BACKGROUND OF THE INVENTION 1. Field of the Invention The present invention is designed to detect the positions of frame bits inserted in a concentrated or discrete manner.
A frame synchronization circuit having two synchronization detection circuits, one of which is a main synchronization circuit, the other of which is a sub synchronization circuit, and the main synchronization circuit and the sub synchronization circuit are switched and used when the main synchronization circuit is pseudo synchronized, The present invention relates to a frame synchronization circuit capable of significantly improving the probability of recovery from pseudo synchronization.

[0002]

2. Description of the Related Art Generally, there is known a frame synchronization circuit that detects the positions of frame bits that are inserted in a concentrated or discrete manner and thereby establishes frame synchronization.

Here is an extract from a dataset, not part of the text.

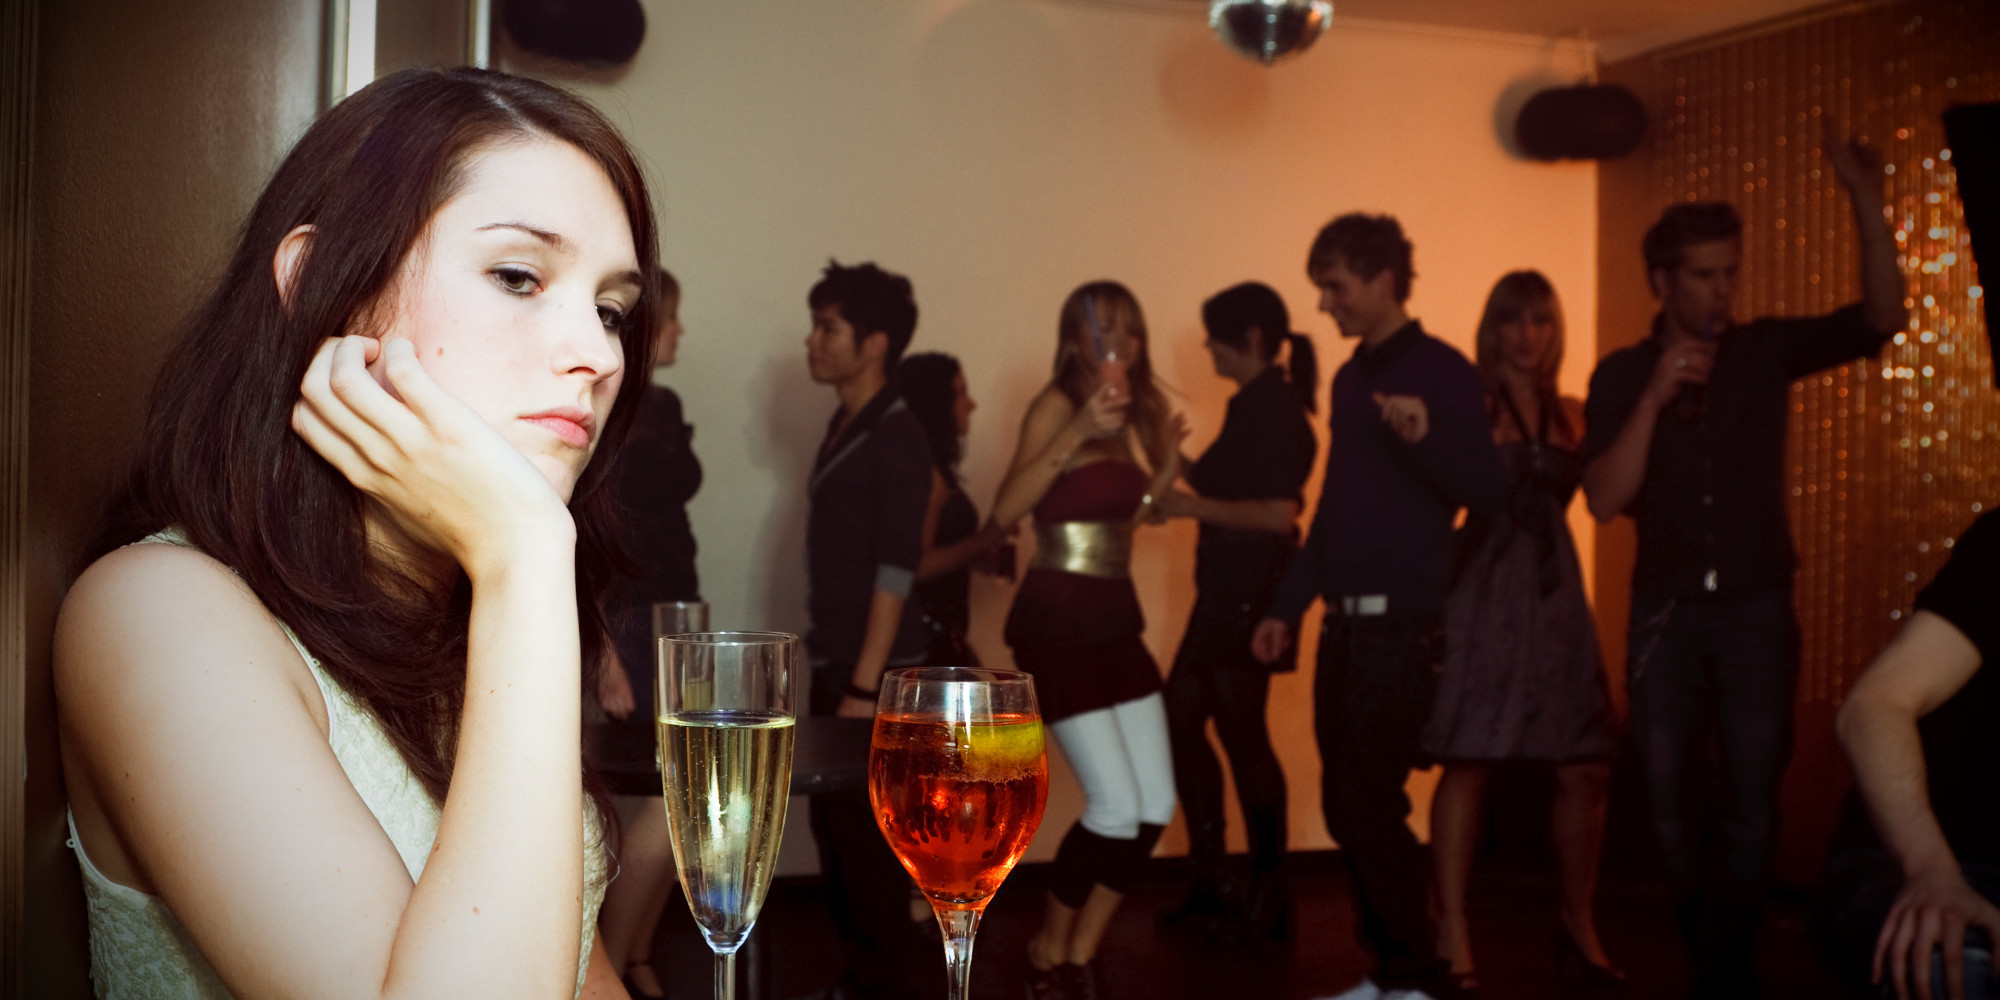 The Survival Guide For Introverts: Parties

In this conventional frame synchronization circuit, in the synchronization pull-in process, it is possible to establish pseudo synchronization because it is determined that synchronization has been established by several consecutive matches of detection of several bits. Therefore, after synchronization is established, status monitoring is performed using some kind of error detection method (for example, CRC, parity), false synchronization is determined by the error, and a sub-synchronization circuit that re-detects the synchronization pattern while maintaining the synchronization state. There is a need.

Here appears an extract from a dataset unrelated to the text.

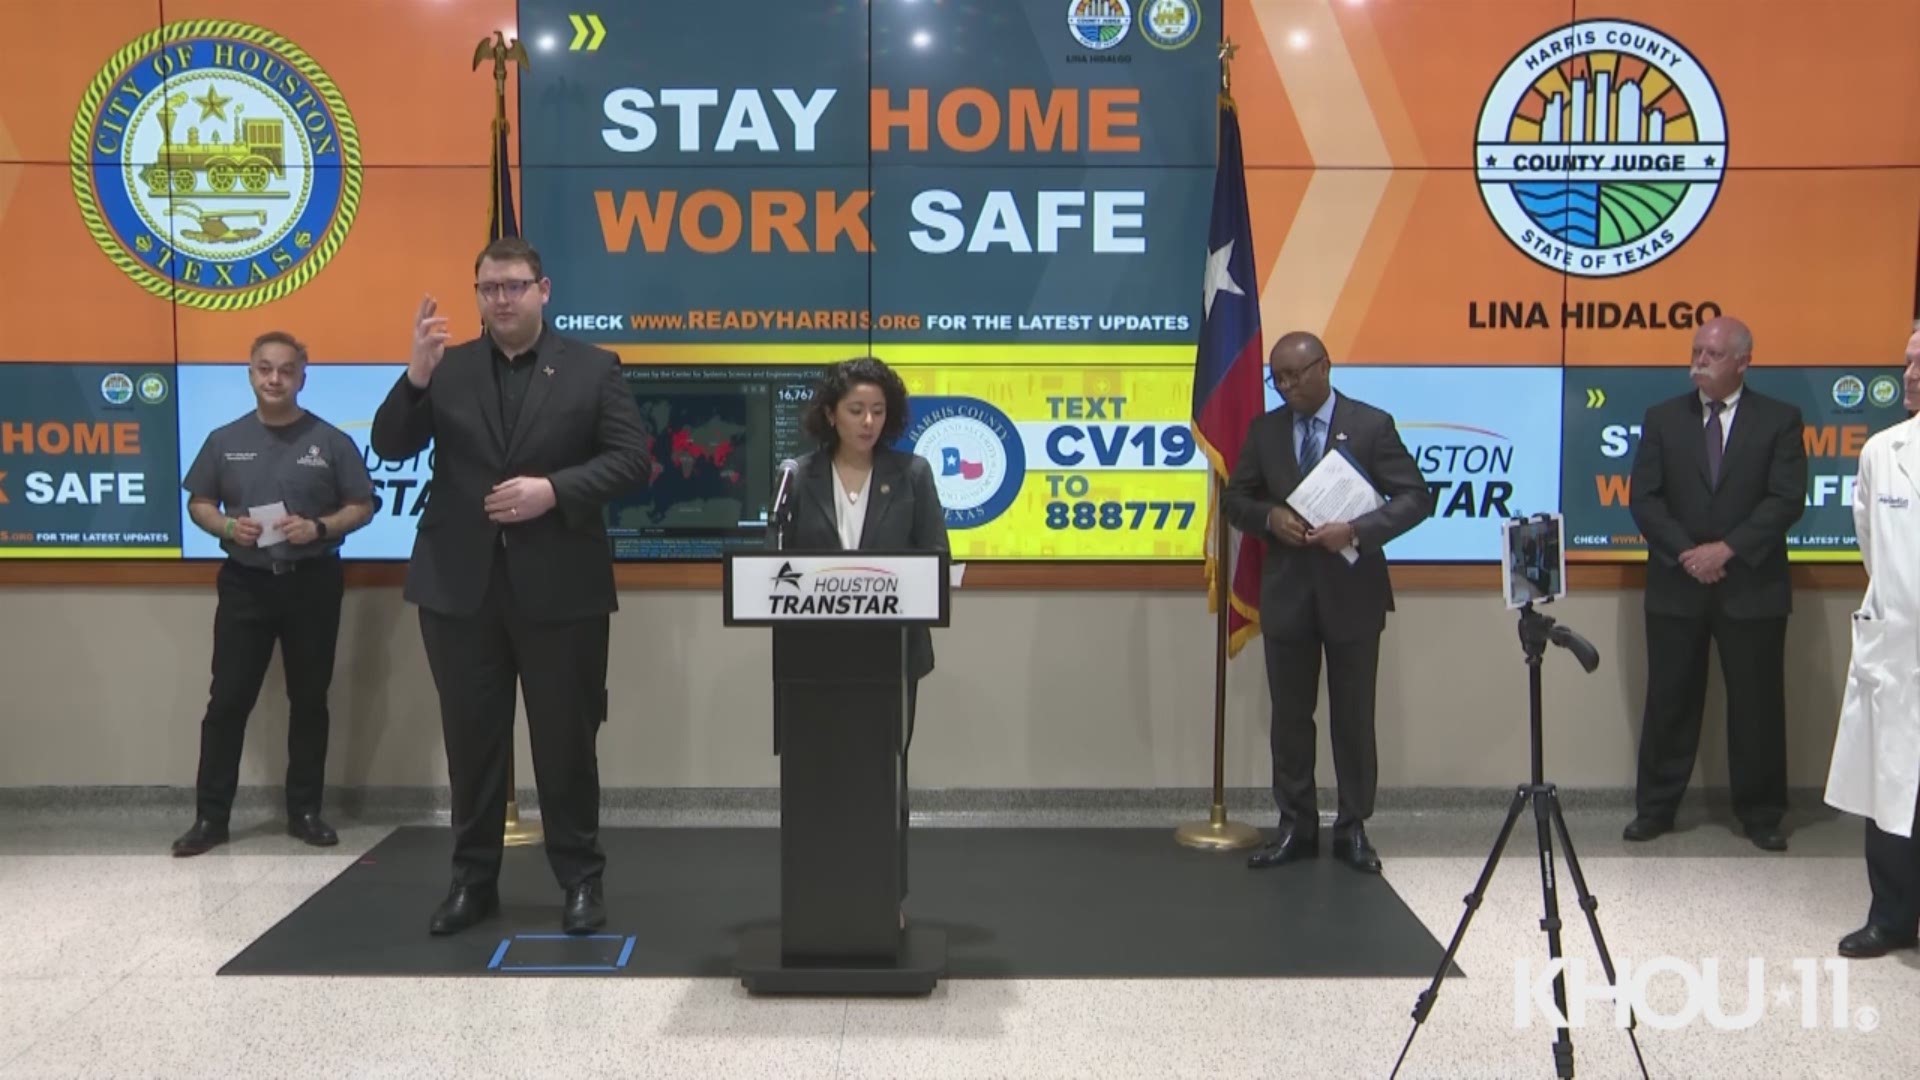 Harris County Judge Lina Hidalgo said Tuesday new numbers in the Houston area showed that we "must take further steps" to help prevent the spread of COVID-19,

However, a conventional frame synchronizing circuit of this type has two identical first and second synchronization detecting circuits 1 and 2 as shown in FIG. 2 and has the above first and second synchronizing circuits. The detection circuits 1 and 2 input the synchronization pattern search signal from the frame storage shift register 3 to which the received data and the received clock are input, and output the first frame start position signal and the second frame start position signal, respectively. . When the selector 4 selects the first frame start position signal and processes data based on the selected signal, the second sync detection circuit 2 is used for detecting sub sync, and the first sync signal is used. When the synchronization detection circuit 1 of FIG. 1 shifts to a state of performing processing based on the information of the second synchronization detection circuit 2 in pseudo synchronization, the first synchronization detection circuit 1 is used for the sub-synchronization circuit. It That is, the main synchronizing circuit and the sub synchronizing circuit are alternately switched.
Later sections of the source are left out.